“A little jam and a biscuit.”

Archibald Lyndsay lit a pipe and lay upon his back on the meager grasses, with hands clasped behind his head. His eyes wandered from the clouds overhead to Rose, and thence to wood or stream.

“The court has dined, M. A.,” she said. “What now?”

“I am afraid,” he returned, “it is too late for you to sketch in colors the trees, or even a bit of them. I wanted to get your notion of the tints; but look at this—I am not quite sure I myself see colors at their true values. There is no standard in which to try our sense of color. I am sure some men see a tint bright, and some see it darker, and then some artists are sensational in their statement of colors on canvas.”

“I should like to try.”

“We are a little too late; but the sun is back of us yet.
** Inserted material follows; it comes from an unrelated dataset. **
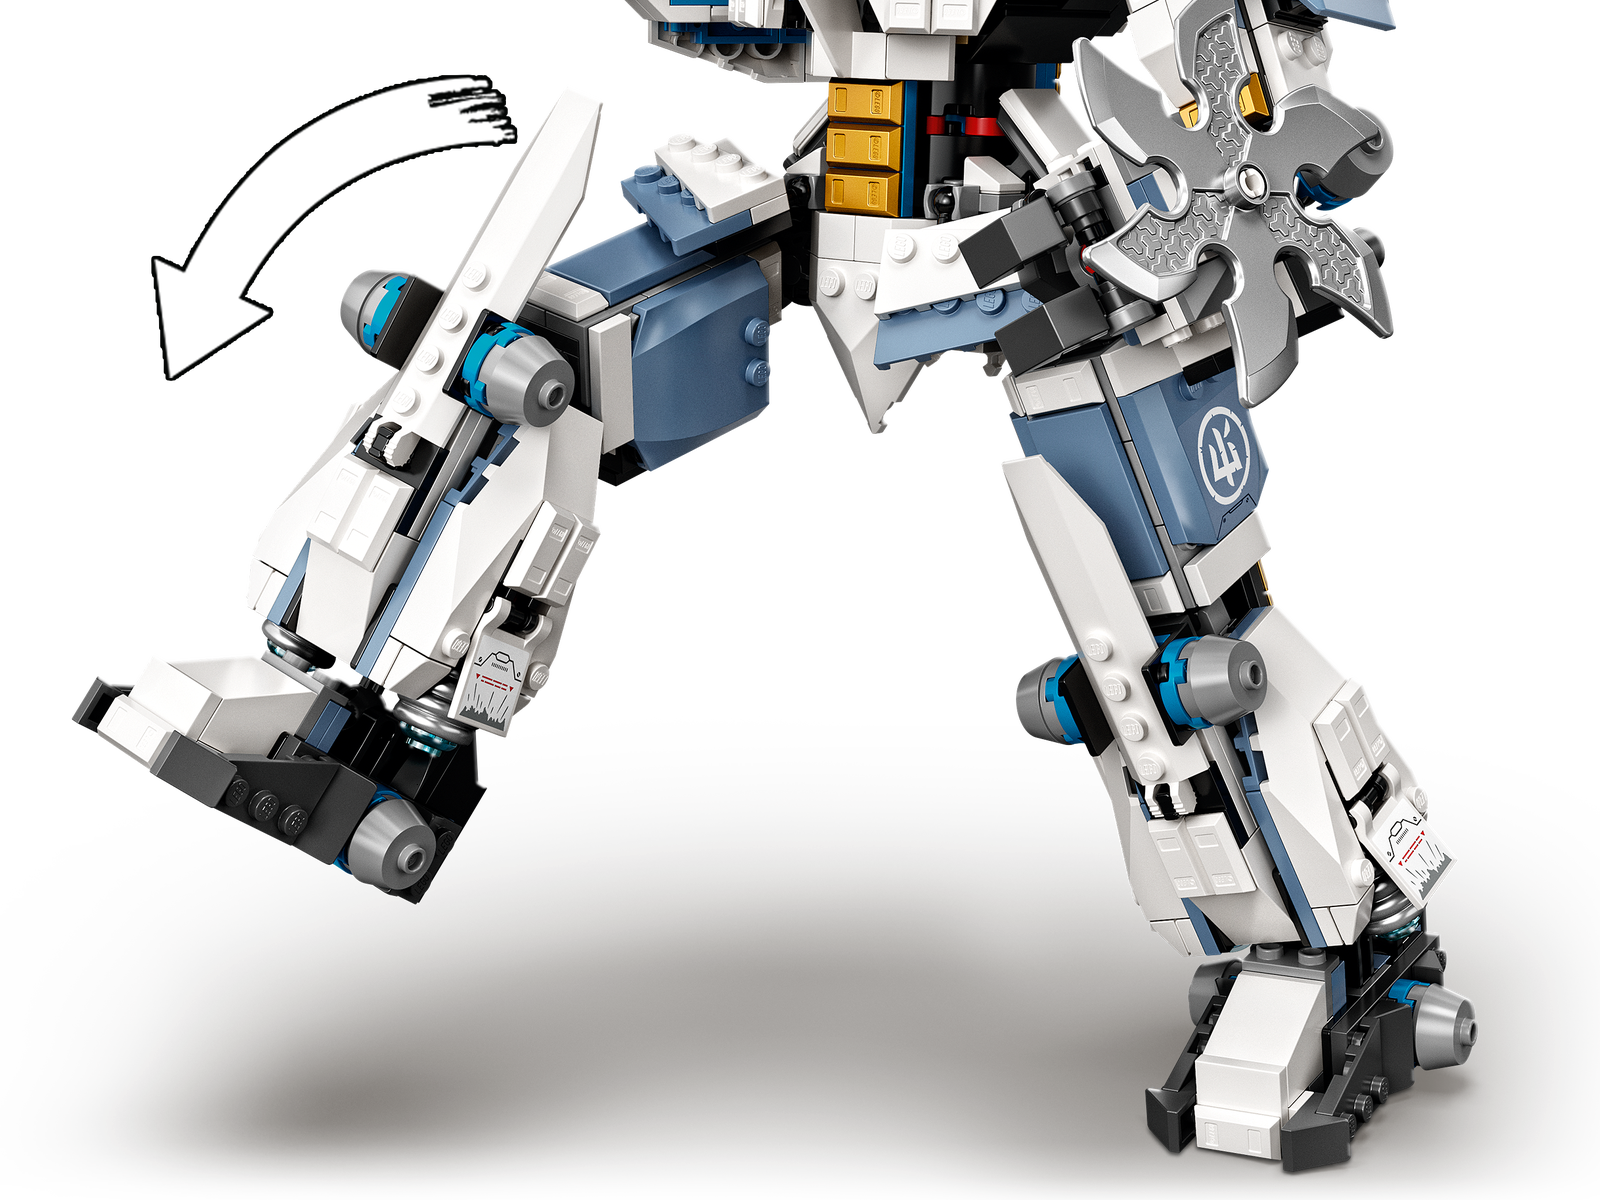 LEGO Ninjago Zane's Titan Mech Battle 71738
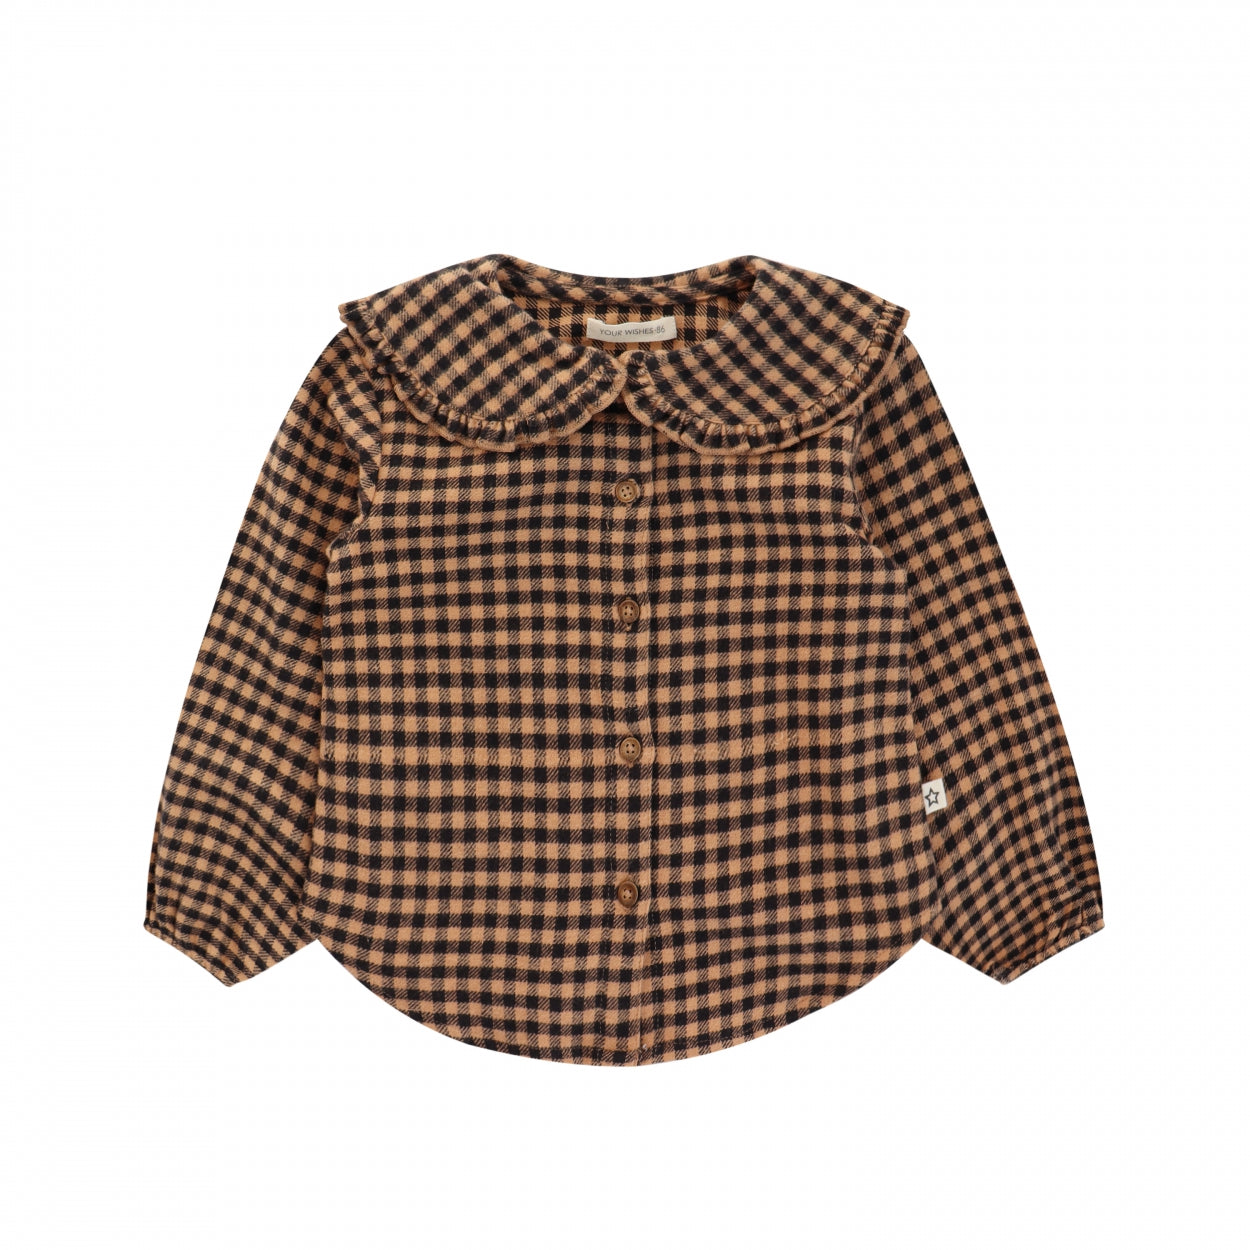 Meisjes Shirt lange mouw Saxon | Gwen van Your Wishes in de kleur Dark Brown in maat 134-140.

That is essential. Now, keep in shadow, and tell me the color of those sun-lit myriads of dead pine and fir and spruce and poplar.”

“How they shine!”

“Yes; they are very hard, and polished by storm and sun. They are about a hundred yards distant. Near by they are silvery-gray. At their feet is a mass of young birch and beech, and feathered ferns below, along the margin.”

“They are purple,—clear, distinct purple,” said Rose. “Of course, they are purple.”

“Yes. Now look at the river.” All between the two observers and the trees was a swift flow of hastening water, faintly fretted all over by the underlying brown and gray and white stones of the bottom,—a tremulous brown mirror.